▶ TASK PROMPT
Below are records with pictures. Transcribe exactly, and only, the lines from the line with "Broomstick Witches Orange Wire Headwrap" to the line with "mountain village built", both ends included, but not the pictures.

▶ EXTRACTED ENTRIES
=====

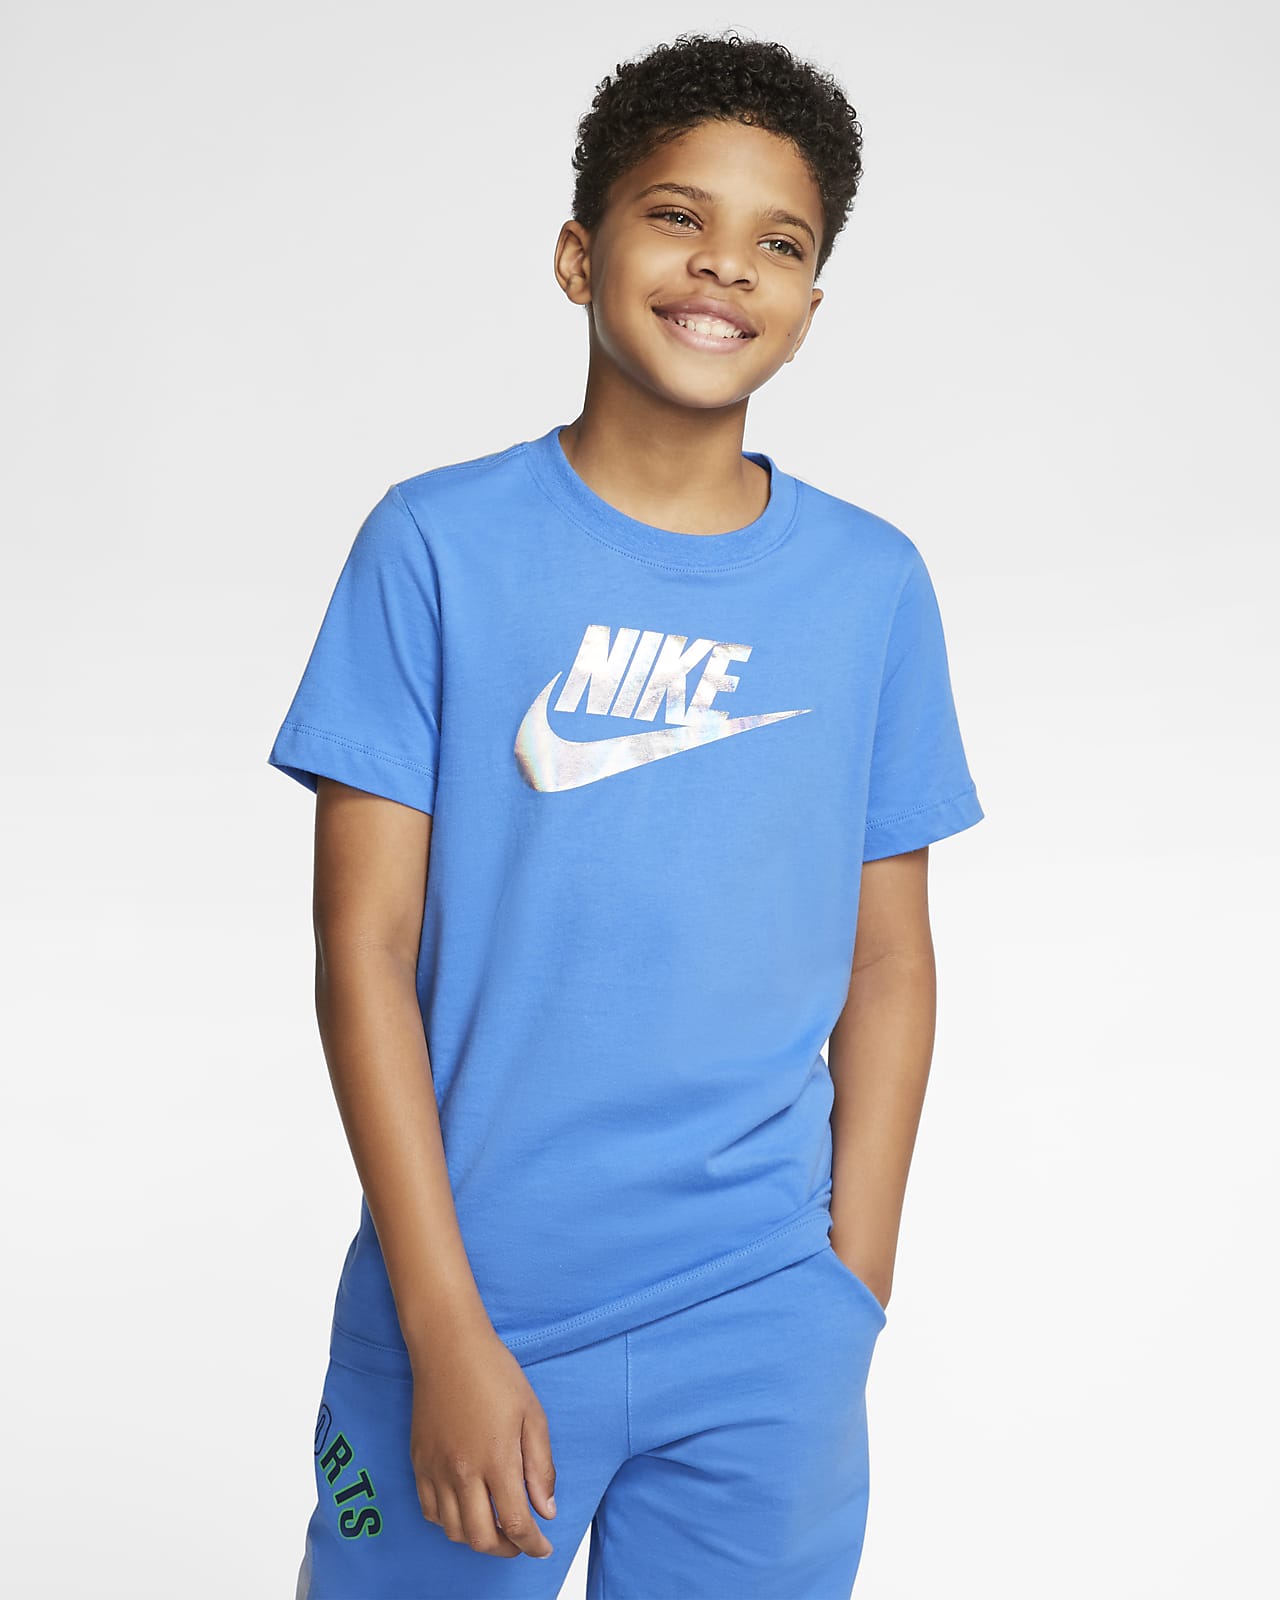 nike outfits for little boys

=====

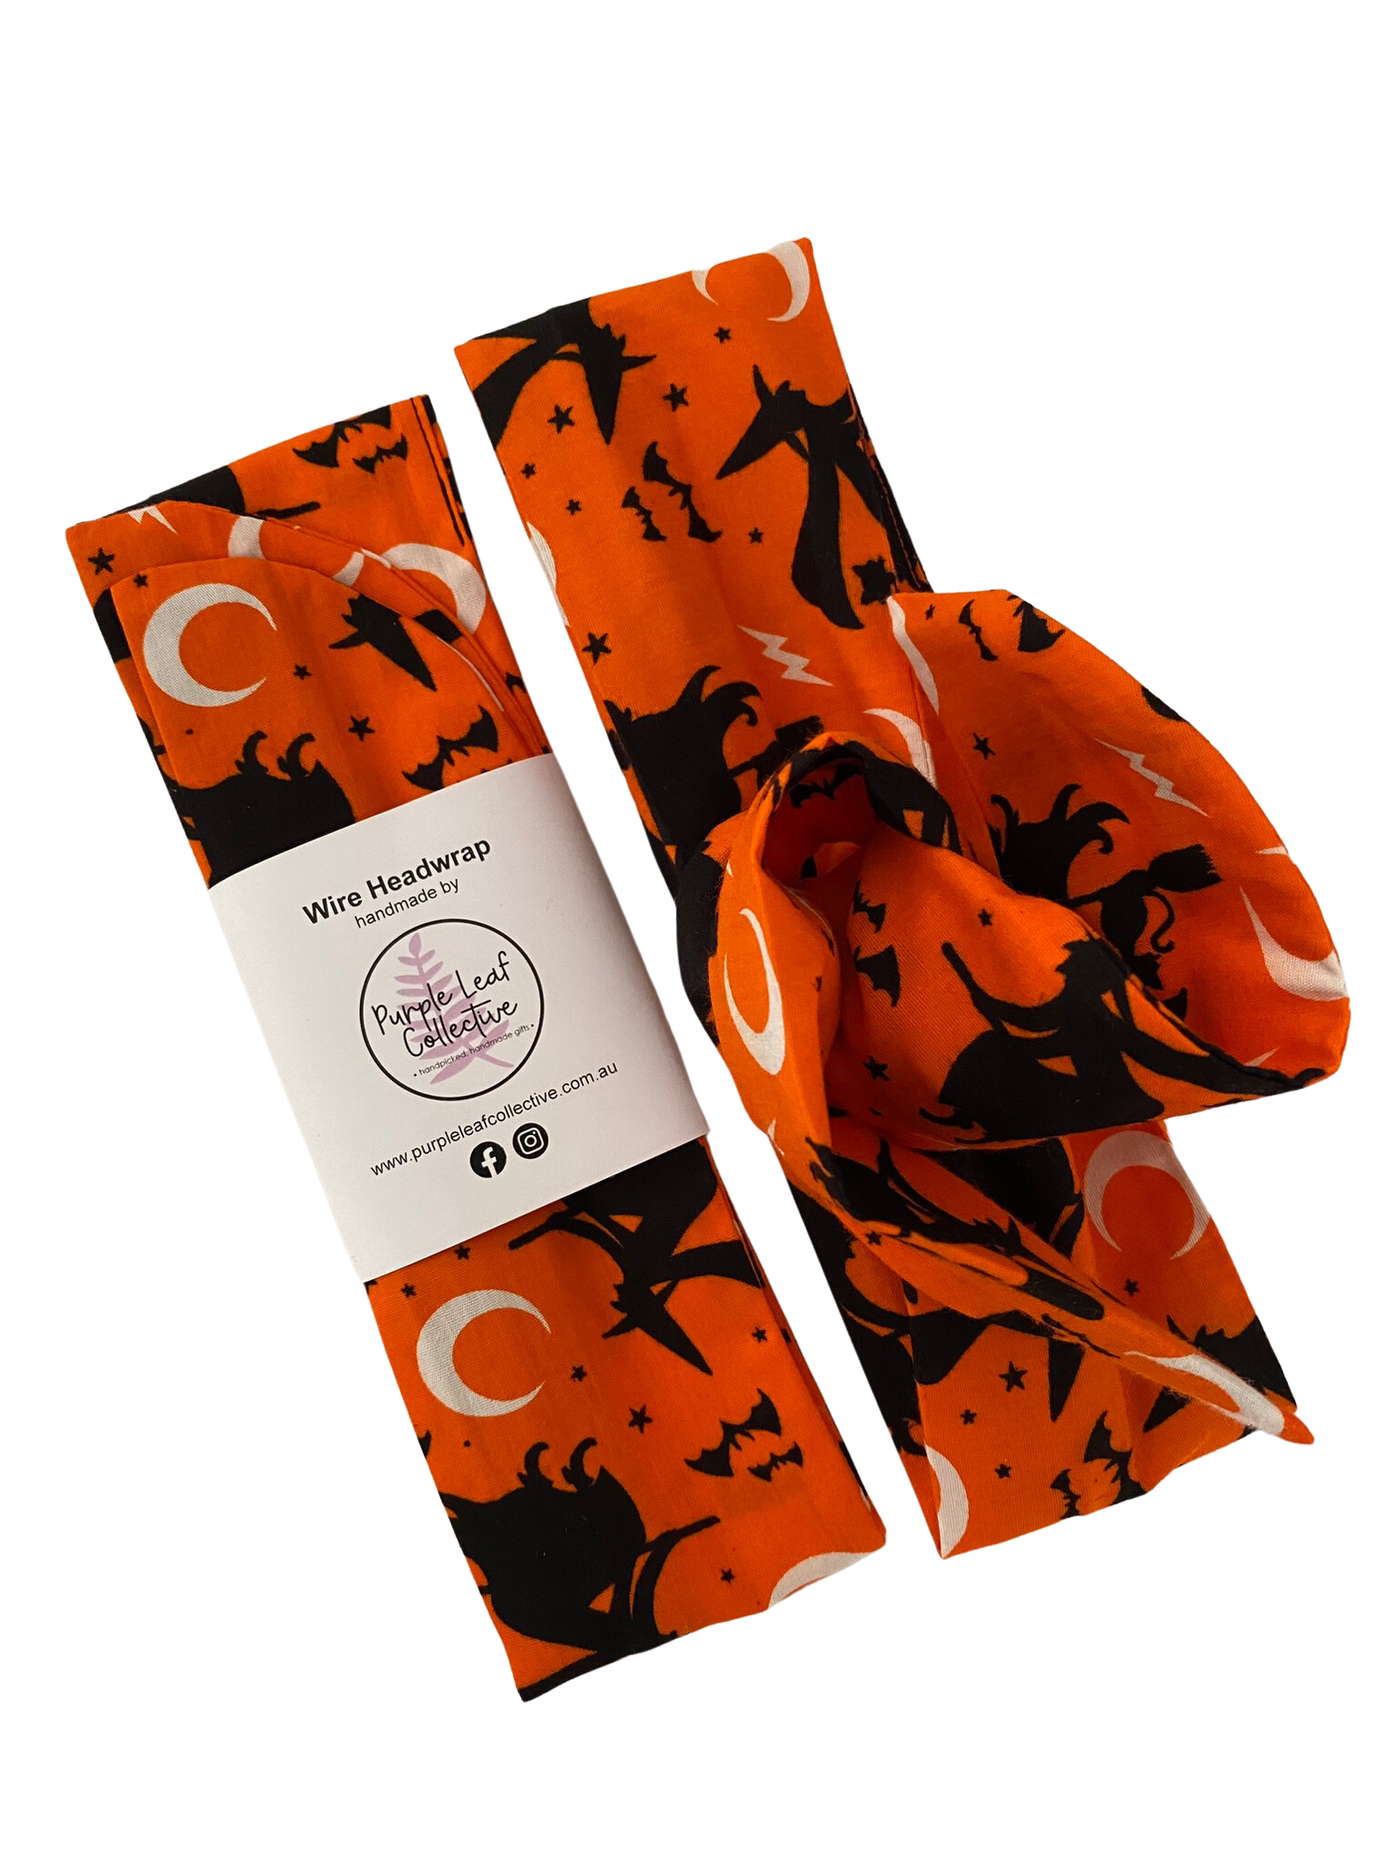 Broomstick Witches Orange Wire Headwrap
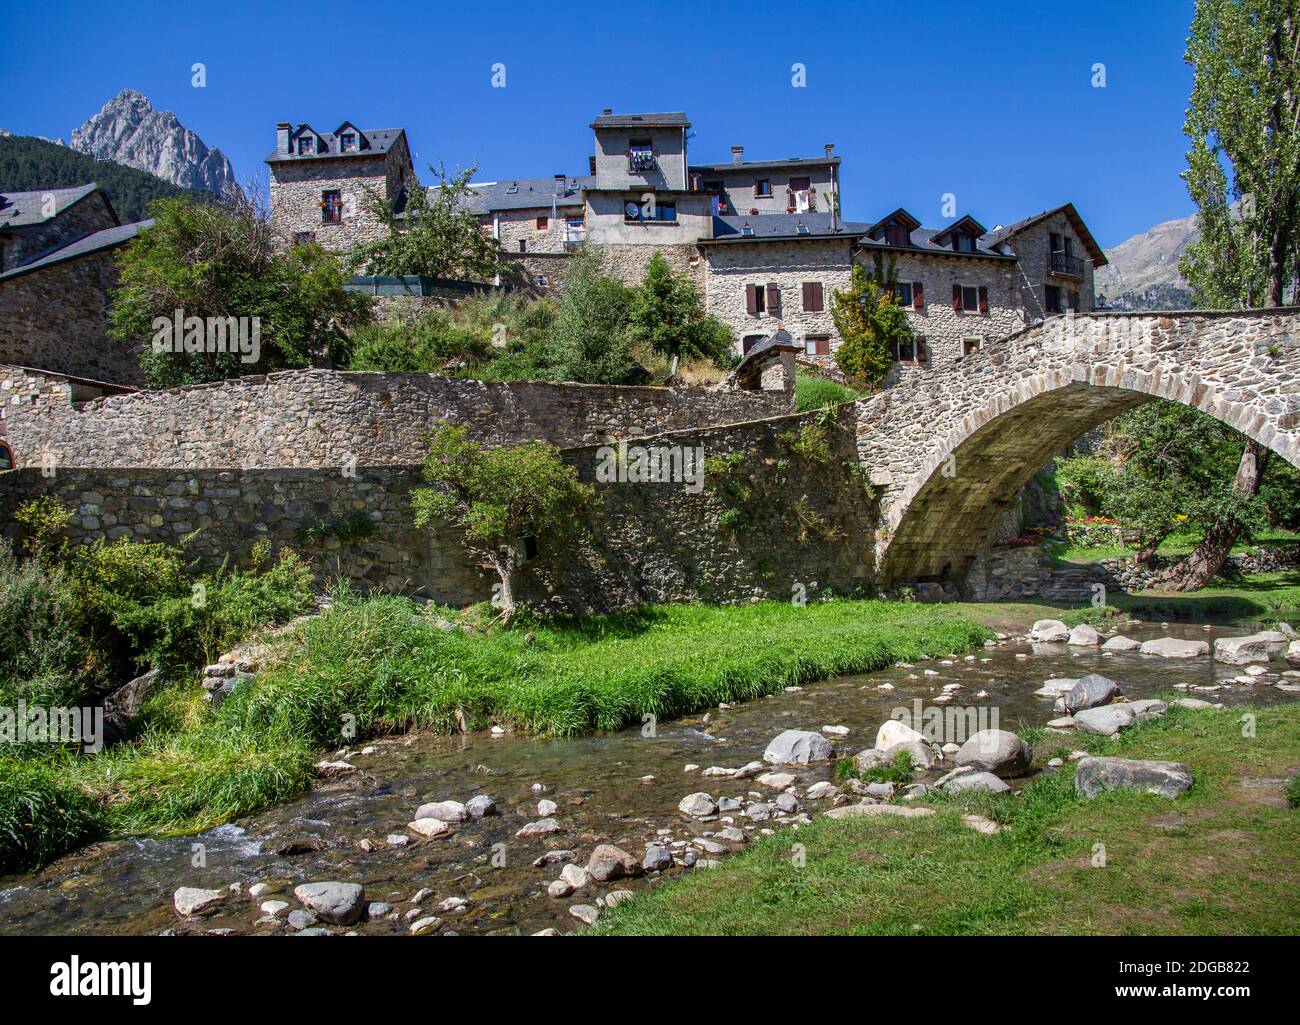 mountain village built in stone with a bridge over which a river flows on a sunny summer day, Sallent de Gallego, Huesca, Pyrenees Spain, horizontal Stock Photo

=====

▶ RESULT FOR THIS EXERCISE
 Broomstick Witches Orange Wire Headwrap
 mountain village built in stone with a bridge over which a river flows on a sunny summer day, Sallent de Gallego, Huesca, Pyrenees Spain, horizontal Stock Photo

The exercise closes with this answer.